You would have to make a VAT return to reflect your situation and then pay or reclaim the balance


----------



## hhhhhhhhhh (16 Oct 2008)

*Re: Vat*



noel123ie said:


> Hi there
> 
> Just a quick one re VAT
> 
> ...



Yes you have to pay back amount claimed if it is less than you paid.
ie ( if your sales were less than your purchases/expenses)

How it makes sense:
1: You register for VAT
2: You buy expensive equiptment/stock and claim the VAT back
3: You deregister for VAT
4: Sell your product without charging VAT, more money for you


----------



## willalex (16 Oct 2008)

*Re: Vat*



noel123ie said:


> Hi there
> 
> Just a quick one re VAT
> 
> ...



It depends. Without going into the precise complexities of VAT rules, the normal rules are:

It you are obliged to register for VAT because your turnover exceeds or is likely to exceed the registration threshold limit, then you are entitled to claim back all VAT costs that directly relate to the business and account for VAT on all supplies.  If and when you cease trading there is no obligation to pay back any excess of VAT recovered.

However, if you elect to register (i.e. your turnover will not exceed the registration limit), which you might do to recover VAT on set up costs. then in this scenario there are rules relating to a clawback of VAT recovered in excess of output VAT.


----------



## Niall M (17 Oct 2008)

*Re: Vat*



willalex said:


> It depends. Without going into the precise complexities of VAT rules, the normal rules are:
> 
> It you are obliged to register for VAT because your turnover exceeds or is likely to exceed the registration threshold limit, then you are entitled to claim back all VAT costs that directly relate to the business and account for VAT on all supplies.
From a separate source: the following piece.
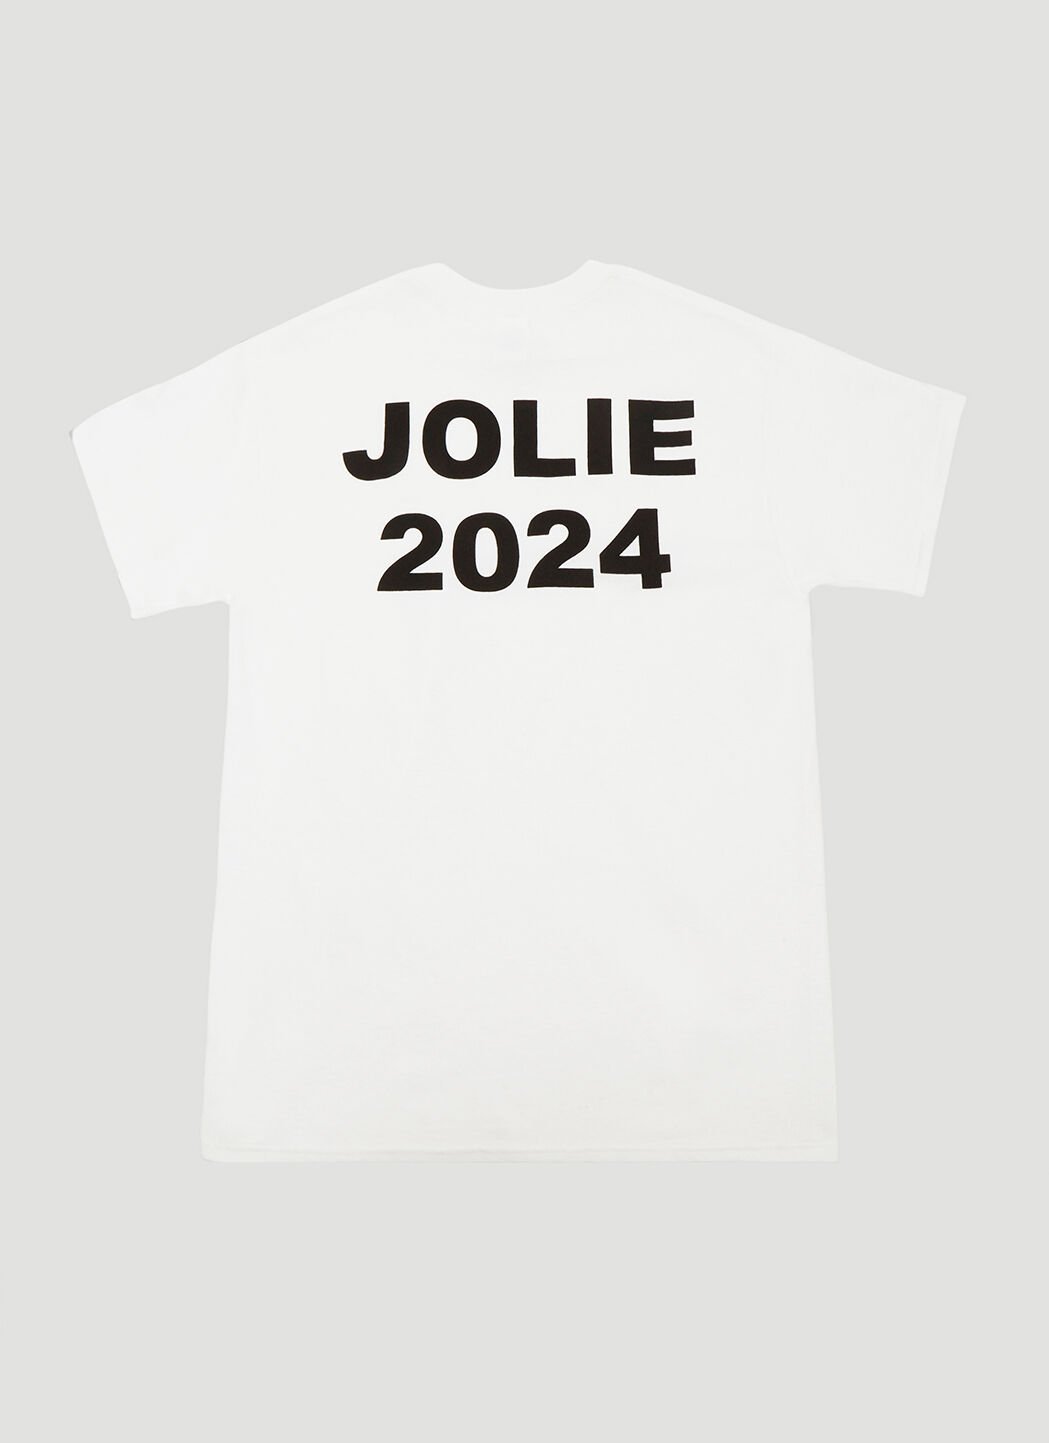 Saint Laurent Article 1 Jolie 2024 T-Shirt Black sla0134043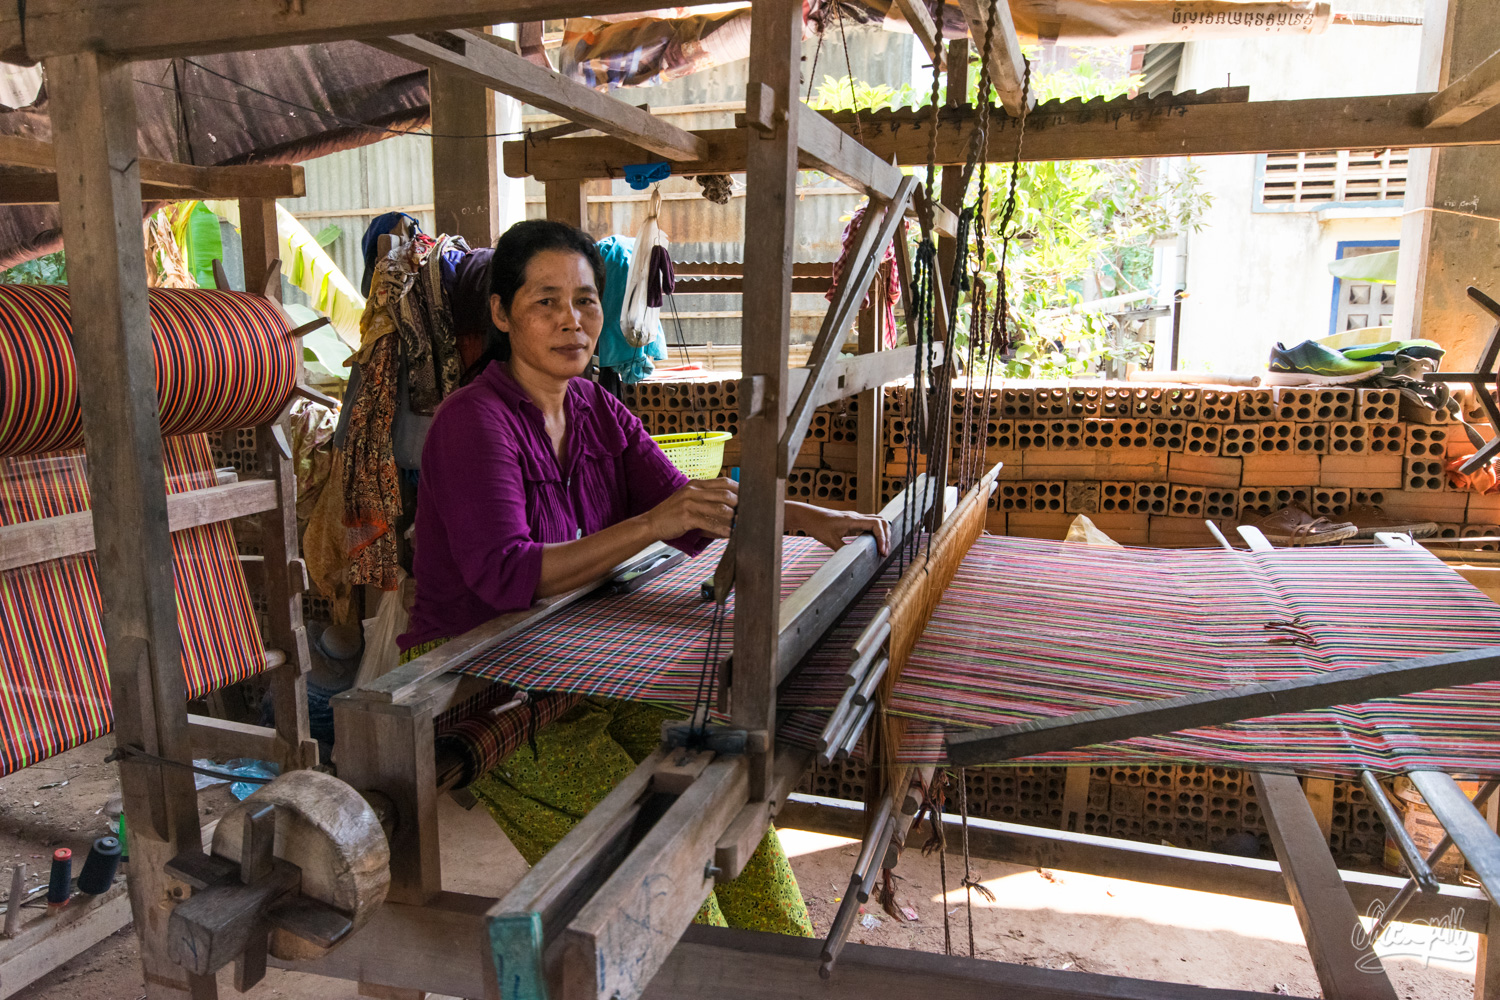 Une jolie tisserande des îles de la soie en plein travail sur son métier à tisser

I*f and when you cease trading there is no obligation to pay back any excess of VAT recovered.*
> 
> However, if you elect to register (i.e. your turnover will not exceed the registration limit), which you might do to recover VAT on set up costs. then in this scenario there are rules relating to a clawback of VAT recovered in excess of output VAT.


 
Yes there is, you are obliged to repay and excess vat reclaimed. Ie you cannot reclaim more vat than you have paid over the life of the registration.


----------



## Graham_07 (17 Oct 2008)

*Re: Vat*



Niall M said:


> Yes there is, you are obliged to repay and excess vat reclaimed. Ie you cannot reclaim more vat than you have paid over the life of the registration.


 
If one is obliged to register, say as a butcher through being over the limit, ones sales are largely at 0%. One has expenses at 21% and 13.5% which one is entitled to reclaim. If the business then ceases there is no obligation to repay excess VAT claimed. It is in situations of voluntary registration while under the limit that excess VAT reclaimed is liable to be repaid.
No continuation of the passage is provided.